Bloodsport II: The Next Kumite
by Stephen Lin, Editor in Chief
November 10, 2003 + Boston, MA
Bracing Myself for Ridicule
I'm going to lose ALL of my street cred by writing the following words: Bloodsport II: The Next Kumite is shockingly good. I'll elaborate on that more in a moment, but I figure I'll take care of some of the initial confusion some of you must be feeling.
You are probably confused because you didn't realize that Bloodsport had a sequel. Well, there is... rather, there ARE. Not only is there Bloodsport II: The Next Kumite, there's also Bloodsport III (no subheading) and Bloodsport IV: The Dark Kumite. For sanity's sake, I'll go ahead and tell you that the third and fourth installments are total and complete crap and shouldn't be allowed into your home for fear of retribution from angry spirits. And that's saying a lot coming from the guy who's seen (and enjoyed in some way) all three Beastmasters.
Back to Bloodsport II
As much as you want/are able to bemoan Jean Claude Van Damme for just about anything and everything he does, the original Bloodsport is still a classic fight-flick. Who gives a damn about the plot or acting? All you really care about are the fights involving martial arts stylists from a pile of different disciplines. Bloodsport II gives you the exact same type of well-filmed joyful violence.
Well, almost. The one major difference is that Vam Damme is replaced by Daniel Bernhardt doing a impressively accurate Vam Damme impression, which makes it incredibly bad. But, then again, it could be Bernhardt just being Bernhardt for all I know, as I've never seen him in anything but Bloodsport films.
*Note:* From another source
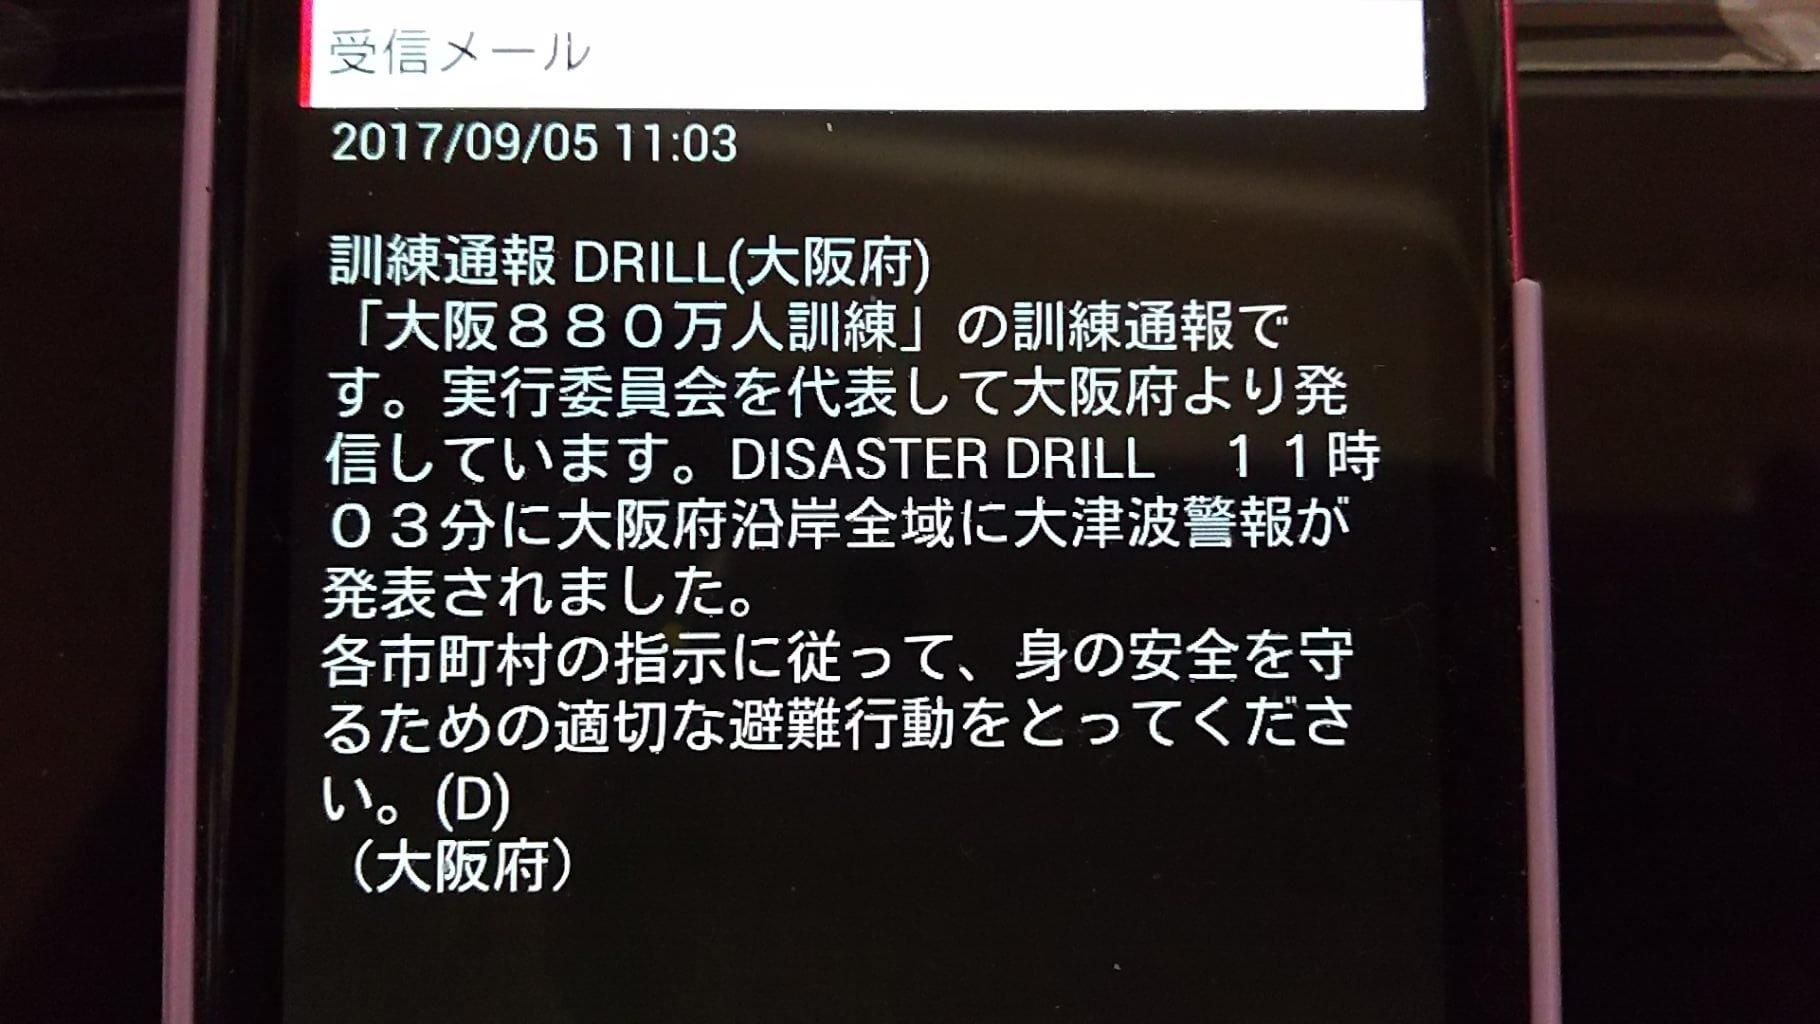 2017年9月5日 大阪880万人訓練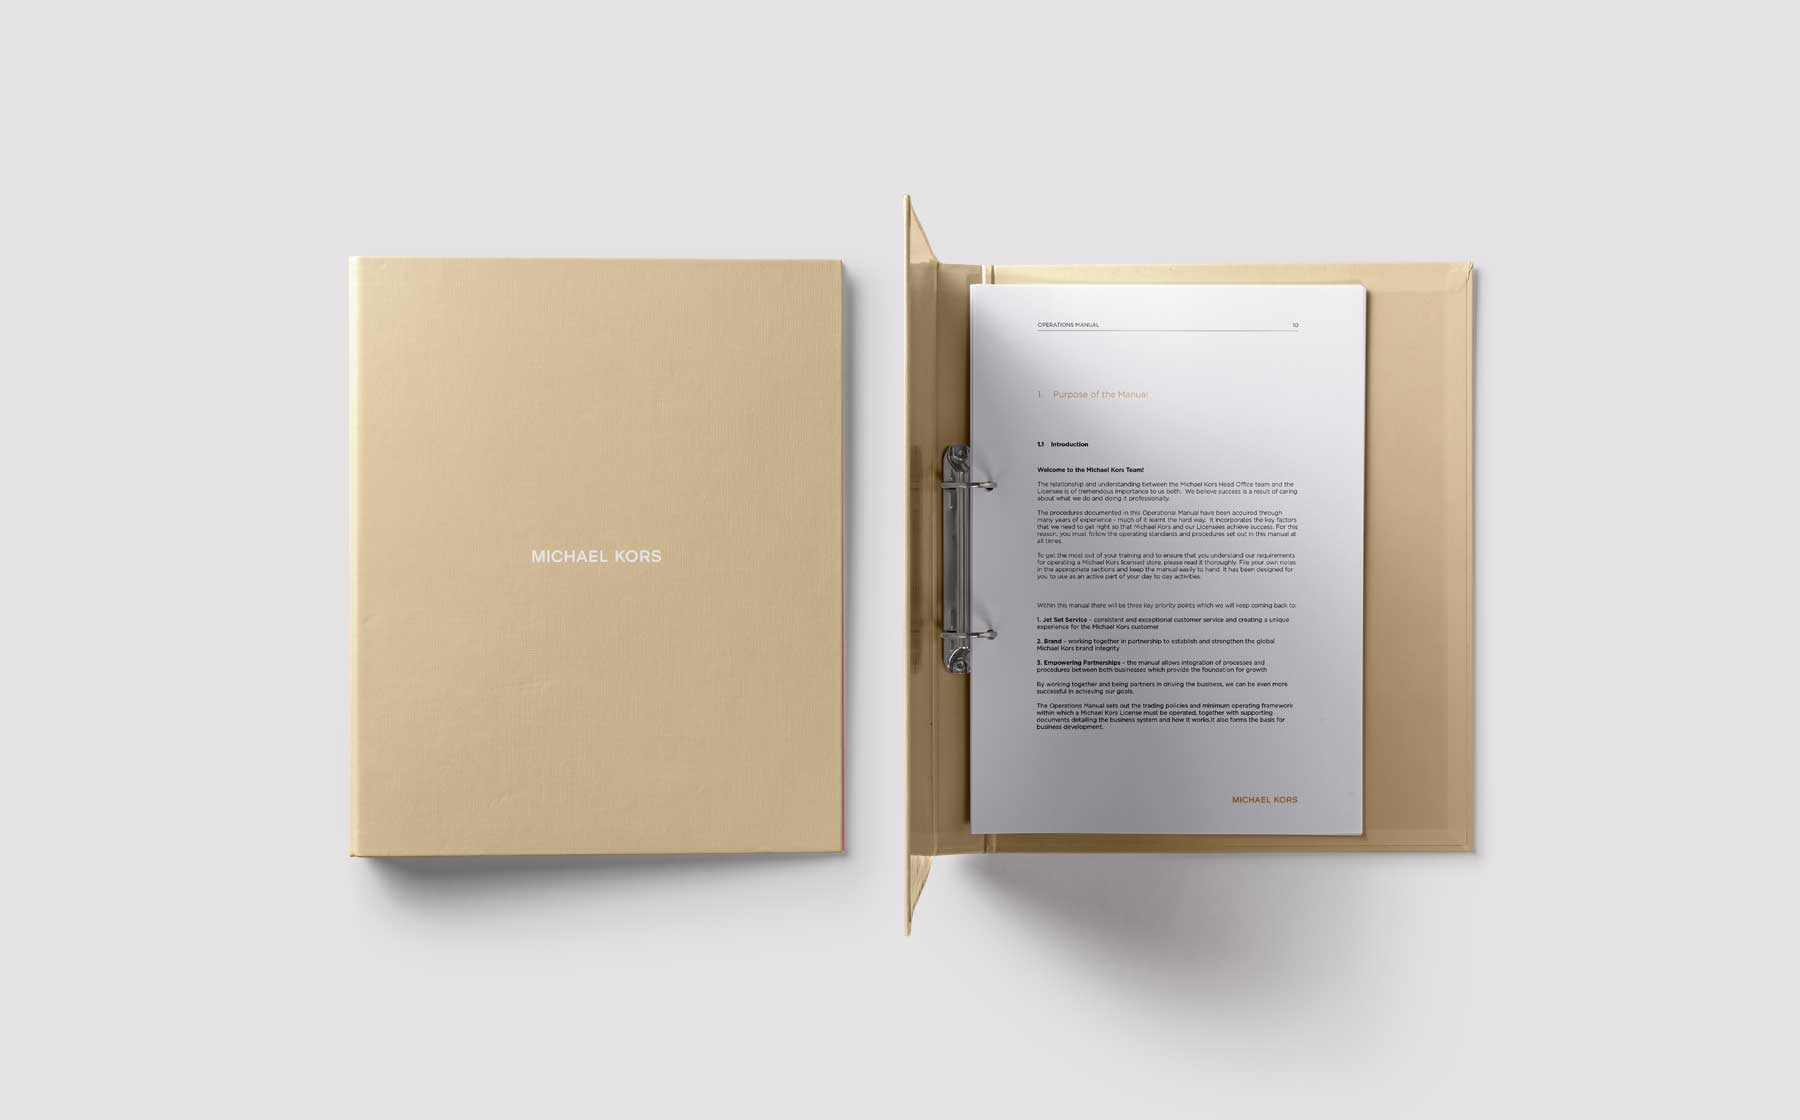 Michael-Kors-Folder

I find it difficult to believe that two similar-looking martial artists could both speak with the same over-heavy French accent. The one carry-over you do get from the first film is that huge ugly dude who played Booger in Revenge of the Nerds. And if it makes you feel any better, Pat Morita's in the film, too. (I'm not sure why, but it made me feel better.)
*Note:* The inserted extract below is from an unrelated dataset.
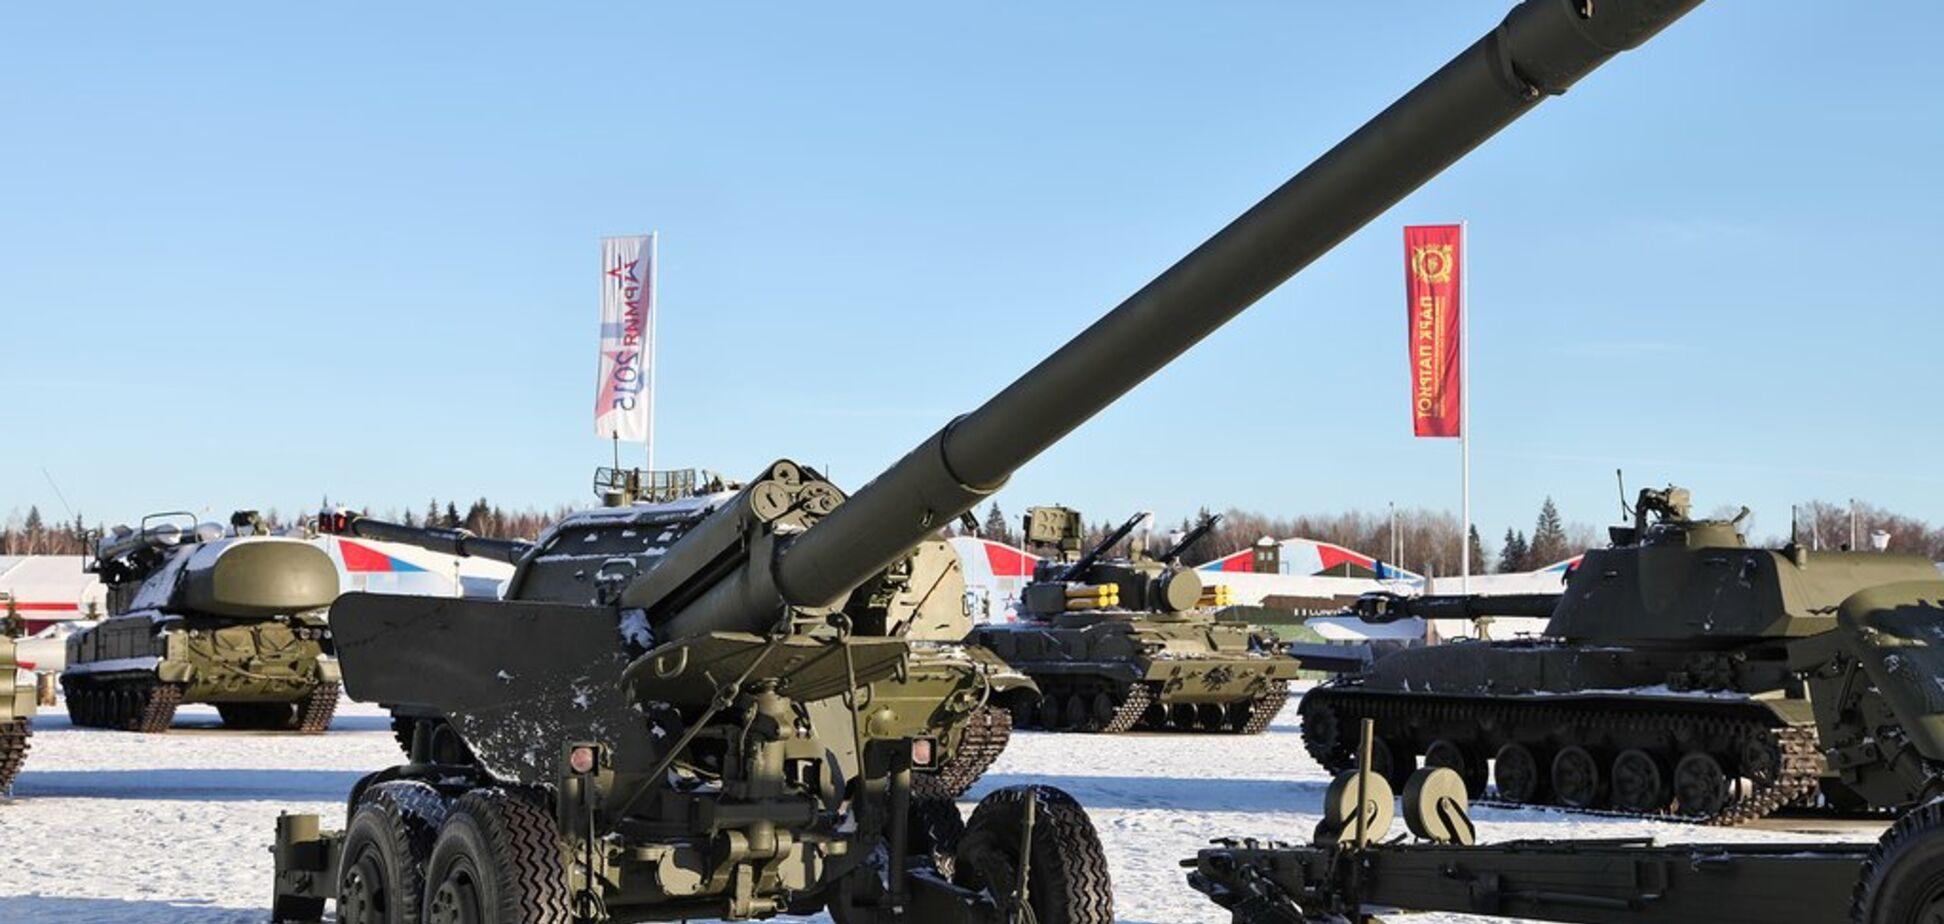 Під Луганськом помітили ударну зброю Росії: що відбувається

Does any of this info matter?
Quite frankly, none of this matters. The plot and acting are probably worse than the first Bloodsport. However, the action sequences at the Kumite fight-tournament are all top notch. Seriously, if you're an action or kung fu fan, you should at least rent this movie. Be warned, though, that you could probably OWN this DVD for less than $5.00.
Keep an eye out for the African-American kung fu guy named Cliff. He's totally one of the coolest side characters in a b-grade action flick EVER! Also keep an eye out for the one capoeira stylist. He'll be the guy in the white baggy pants, dancing around, kicking the turd out of some other random guy. And again, for a movie like this, who cares about silly details like names?